After 3 coats of super glue with fine sanding between each. I sanded the last one with 12000 grit. Wiped it off and then used some turtlewax polishing cream, twice. Then I used a small drop of clear-coat car polish and ran the lathe at high speed to buff it to a shine. With some practice, this could look really good.
It kinda squeaks when you rub it with your fingers!


----------



## TopamaxSurvivor (May 2, 2008)

What do you mean by "regular" CA glue? Another brand the dries better?


----------



## D_Allen (Oct 11, 2010)

Well, the Gorilla has rubber particles in it that are supposed to give it a better glue hold that stands up to vibration, etc.
Apparently the formula, which still contains CA, reacts differently and I had to let each coat dry for about 10 minutes. Thin super glue and crazy glue should react differently. I'll find out tomorrow.


----------



## TopamaxSurvivor (May 2, 2008)

Does Gorilla normally have a little more open time when gluing parts than the instant contact I have experienced with others?


----------



## D_Allen (Oct 11, 2010)

Apparently this formula is not useful for this application because of the time needed before handling. In the case of gluing 2 items together, which is what it is intended for, it is necessary to wait 1-5 minutes.
I found this within the directions on the manufacturer website but it does not appear on the package or bottle.
'You can handle your project lightly after 1-5 minutes. 24 hours required for complete cure.'

This is why it gummed up on the first try and why I had to wait longer between coats. It could be used but the extra time needed would not be desirable. Also, the fact that it contains rubber particles would probably not be of benefit.


----------



## interpim (Dec 6, 2008)

I have done quite a bit of experimenting with CA finishes. The best results I have had are using the following method.

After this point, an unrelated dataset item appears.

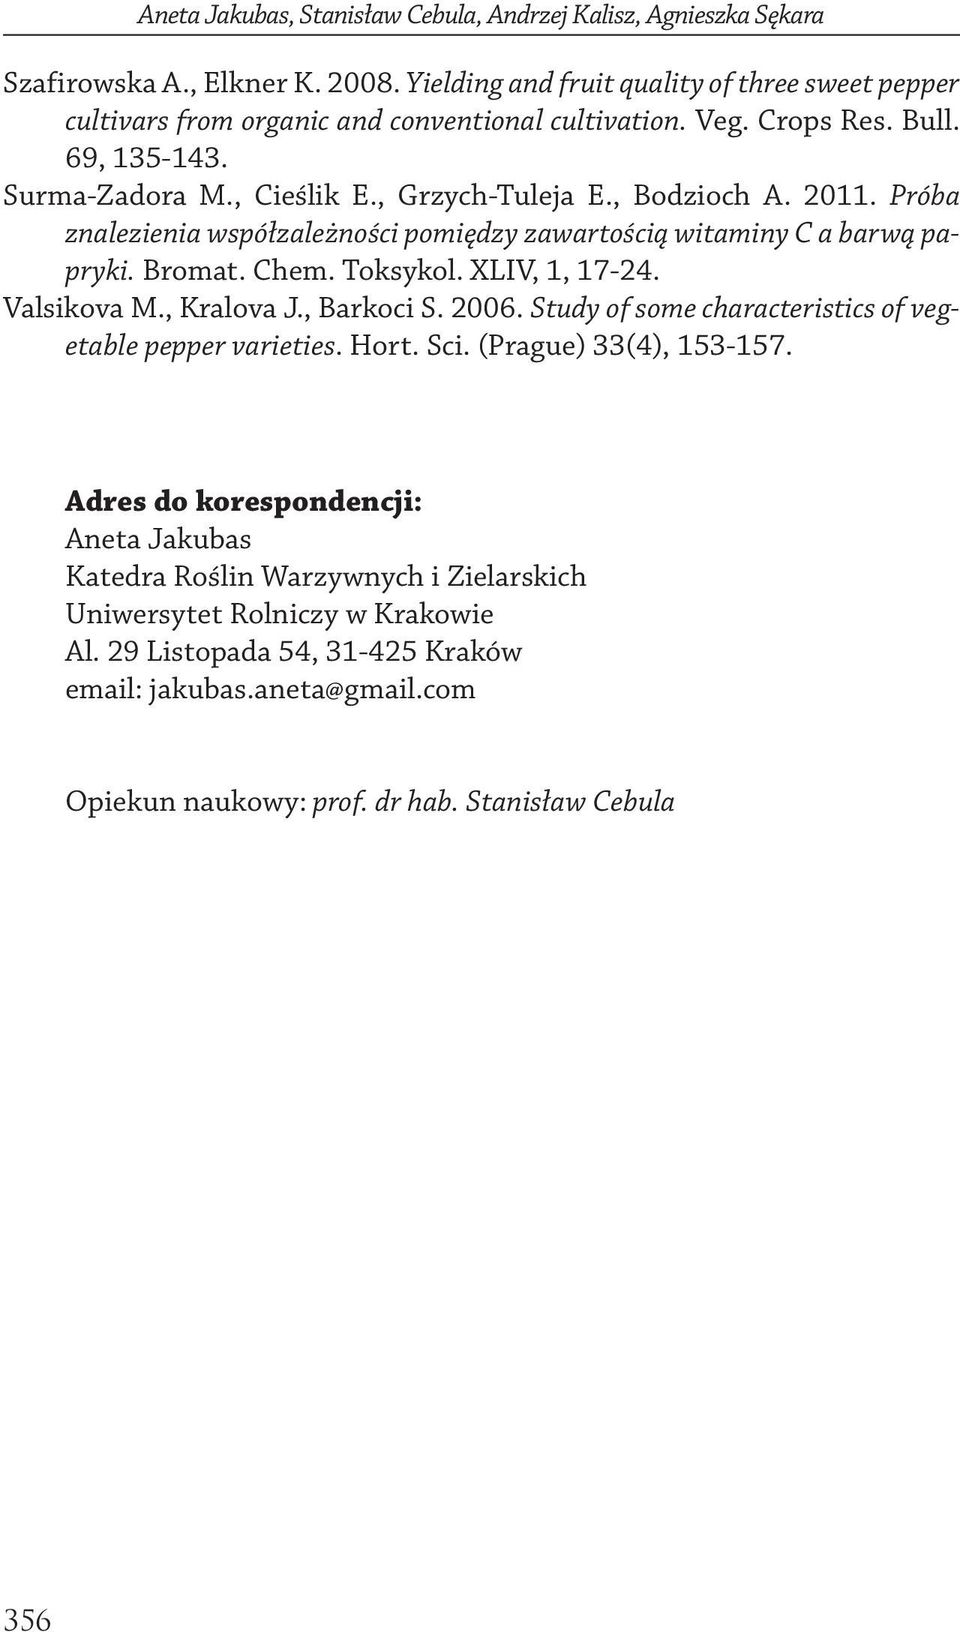 Toksykol. XLIV, 1, 17-24. Vlsikov M., Krlov J., Brkoci S. 2006. Study of some chrcteristics of vegetble pepper vrieties. Hort. Sci. (Prgue) 33(4), 153-157.

I get a cotton cloth, usually a piece of an old t-shirt.
I'll put say 10 drops of Boiled Linseed Oil onto a spot of the cloth, then put about 3-4 drops of CA glue on that spot.
Then I rub back and forth very quickly across the workpiece, making sure not to stop at all. It will heat up, but you'll feel a difference in resistance when the glue is dry. 
I continue this same thing for several coats, eventually getting to around 10 coats. 
For a pen-sized piece of wood, this takes maybe 10 minutes start to finish, and gives an awesome smooth finish.
The built up CA is basically plastic, so if you wanted to polish it more, I would recommend a plastic polish of some sort. The surface is already very smooth, so if you put any sandpaper on it, your just roughing it up.


----------



## planeBill (Oct 21, 2011)

My brother and I always finish our knife scales with ca. We always use the stuff you get at dollar stores and the like, crazyglue brand. Hey, it's a dollar for two tubes. Glue, sand,glue,sand,glue,sand…...... well. you get the picture. Ten or 15 coats sanded with 2000 grit paper. And like you finish with a coat of wax. You're on the right track. Never tried gorillaglue brand, too expensive. It makes one heck of a fine, tough finish.


----------



## D_Allen (Oct 11, 2010)

Well folks, this is a step in the right direction. I got the CA with BLO process figured out and I am also now turning between centers. I built this one today. Shines nice and the transitions from the metal to wood are flawless.


----------



## interpim (Dec 6, 2008)

looking really good!


----------



## Razorbak91313 (Feb 28, 2011)

For those who do small projects with the CA glue, try walmart. They have a 4 pack of small tubes for around $1.25 (4 grams of glue in each tube). I have been buying a good bit of it while experimenting with using CA on wood rings to strengthen then and seal them. I have just started using CA to completely finish a wood ring/bracelet and will be buying the larger bottles since I will be using alot more glue.


----------